Following the opening of a road to the upper part of the mountain in 2006 the
Company negotiated a block sale of plots, which represented the bulk of the 49
plot sales in 2006. Plot sales of £2.495m represented a significant portion of
the 2006 turnover of £5.568m and their contribution this year was significantly
lower at £0.513m representing 9 plot sales. The next stage in the natural
development of the resort is the concentration on cabin sales, which enhances
and feeds the expansion of the resort itself. As a result of this emphasis on
promoting cabin construction, cabin sales have increased from £2.092m in 2006 to
£3.649m in 2007. Despite the poor snow conditions experienced at the start of
2007 the turnover generated from the ski resort itself still managed to exceed
2006 levels.
For the full year financial statements revenue relating to cabin sales is
recognised when the purchaser takes delivery of the cabin. This differs from
the policy adopted previously and in producing the interim results, in which
revenue was recognised on partially completed cabins with reference to the stage
of completion. However, the adoption of the new policy at the interims would
have had no effect on the results.
The higher level of plot sales within the sales mix together with the higher
margins achieved by plot sales (81%) compared with Cabin sales (19%) in 2006
sustained overall margins in 2006 at a level of 59%. However following a
significant increase in the average price of cabins in 2007 the margins on cabin
sales improved from 19% in 2006 to over 50%. As a result of this the overall
margins achieved in 2007 at 63% exceeded the 2006 levels.
Administrative costs have risen considerably during 2007 as a result of the
Vradal companies having to gear up due to being part of a quoted group, and the
Group incurring additional costs in establishing an active and operational UK
plc; it has strengthened its management team and operational staff and has
increased its marketing spend in the latter part of the year. The strengthening
of the Norwegian Krone against the pound also helped to swell the administrative
costs for the year. However the marketing and promotion efforts in the second
half of 2007 have already had an immediate impact on cabin sales and will help
underpin sales targets for 2008.
Current trading and outlook
2008 has started positively with encouraging orders for cabins and indeed cabin
sales have been boosted by the carry forward of orders taken in 2007 and the
completion of these contracts in the early part of this year. Cabin sales have
already exceeded levels achieved in the first half of 2007.

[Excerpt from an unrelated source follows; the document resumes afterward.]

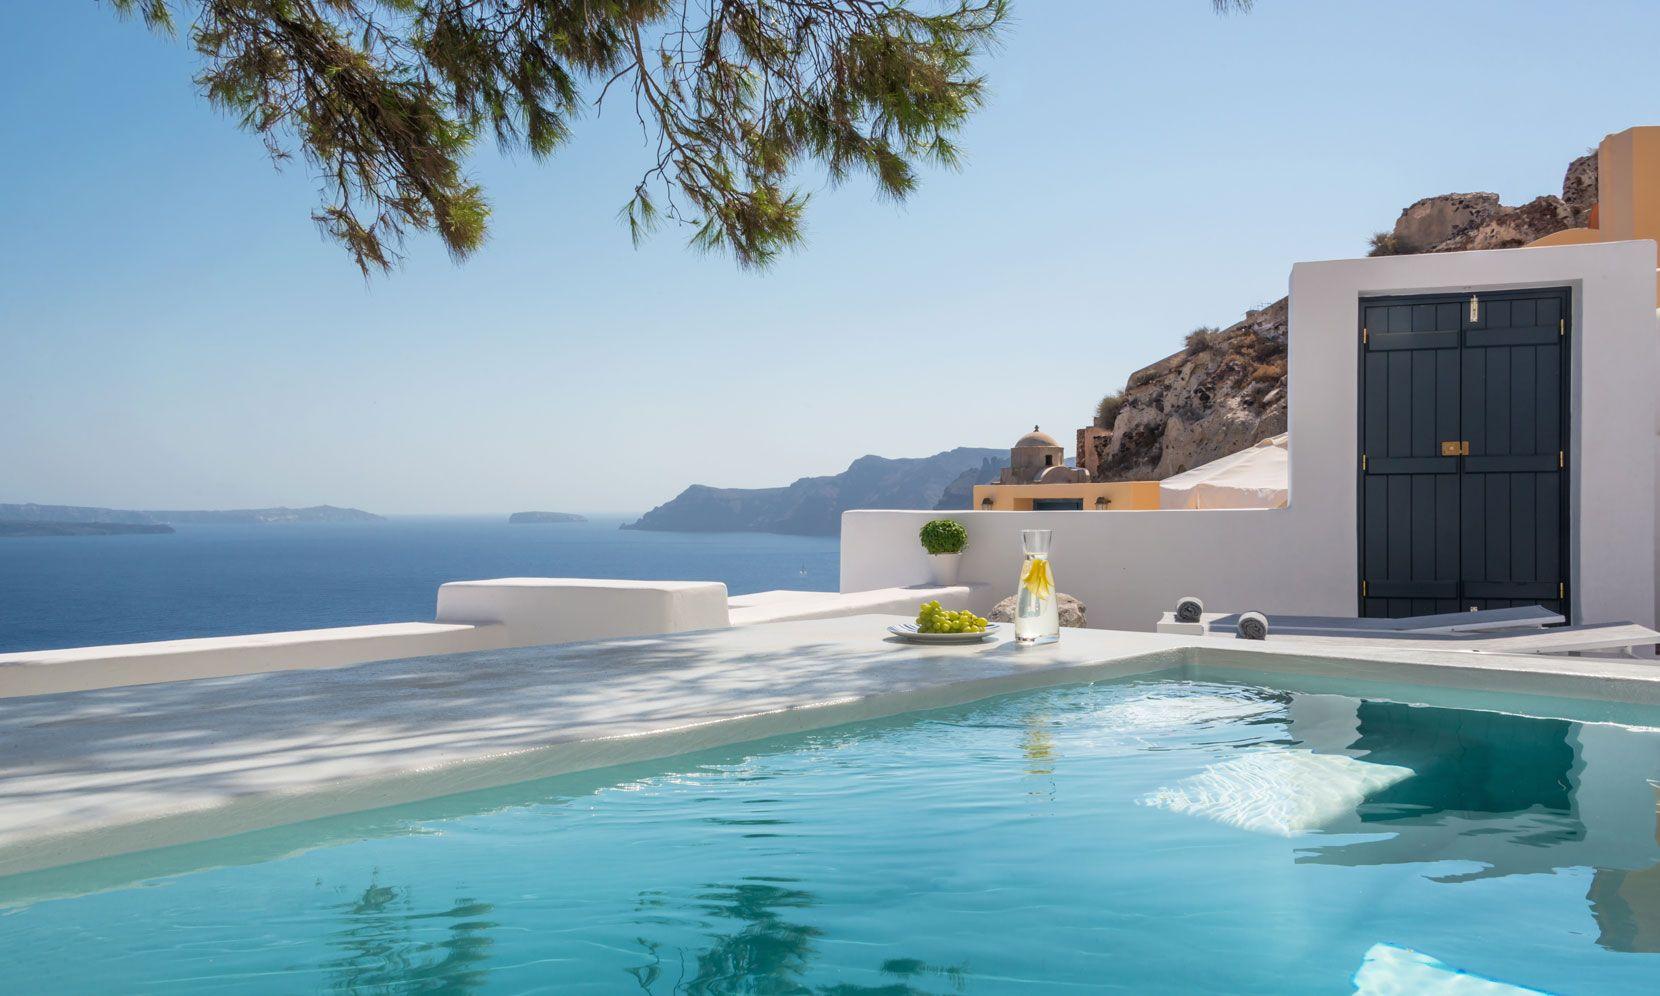 Santorini Villa Palma jumbotron image

For further information please contact:
Nordic Panorama Plc
Geir Kjaernes, CEO 00 47 23 133027
Norman Lott, FD 0207 153 4920
Shore Capital 020 7408 4090
Alex Borrelli
Threadneedle Communications 020 7936 9605
Graham Herring
Josh Royston
NORDIC PANORAMA PLC
CONSOLIDATED INCOME STATEMENT for the year ended 31 DECEMBER 2007
Notes 2007 2006
(£'000) (£'000)
Continuing operations
Revenue 3 5,284 5,568
Cost of sales (1,917) (2,309)
Gross profit 3,367 3,259
Administrative costs (3,438) (1,593)
Exceptional charge arising from reverse acquisition 5 (868) -
Other administrative costs (2,570) (1,593)
Operating (loss)/profit (71) 1,666
Finance income 18 22
Finance costs (171) (108)
(Loss)/profit before taxation (224) 1,580
Taxation (92) (497)
(Loss)/profit for the year (316) 1,083
(Loss)/earnings per share
Basic 4 (0.04p) 0.13p
Diluted 4 (0.04p) 0.13p
NORDIC PANORAMA PLC
CONSOLIDATED STATEMENT OF CHANGES IN EQUITY for the year ended 31 DECEMBER 2007
Foreign
exchange
Share premium Other reserve Retained
reserves earnings
Share capital Total equity
(£'000) (£'000) (£'000) (£'000) (£'000) (£'000)
At 1 January 2006 33 - - - 1,159 1,192
Profit for the period and total
recognised income and expenses - - - - 1,083 1,083
At 31 December 2006 33 - - - 2,242 2,275
Loss for the period - - - - (316) (316)
Exchange differences on
translation of foreign operations - - - 320 - 320
Reversal of issued shares in the
Vradal companies (33) - - - - (33)
Recognition of shares and
reserves of Nordic Panorama Plc
on reverse acquisition 239 345 (7,963) - - (7,379)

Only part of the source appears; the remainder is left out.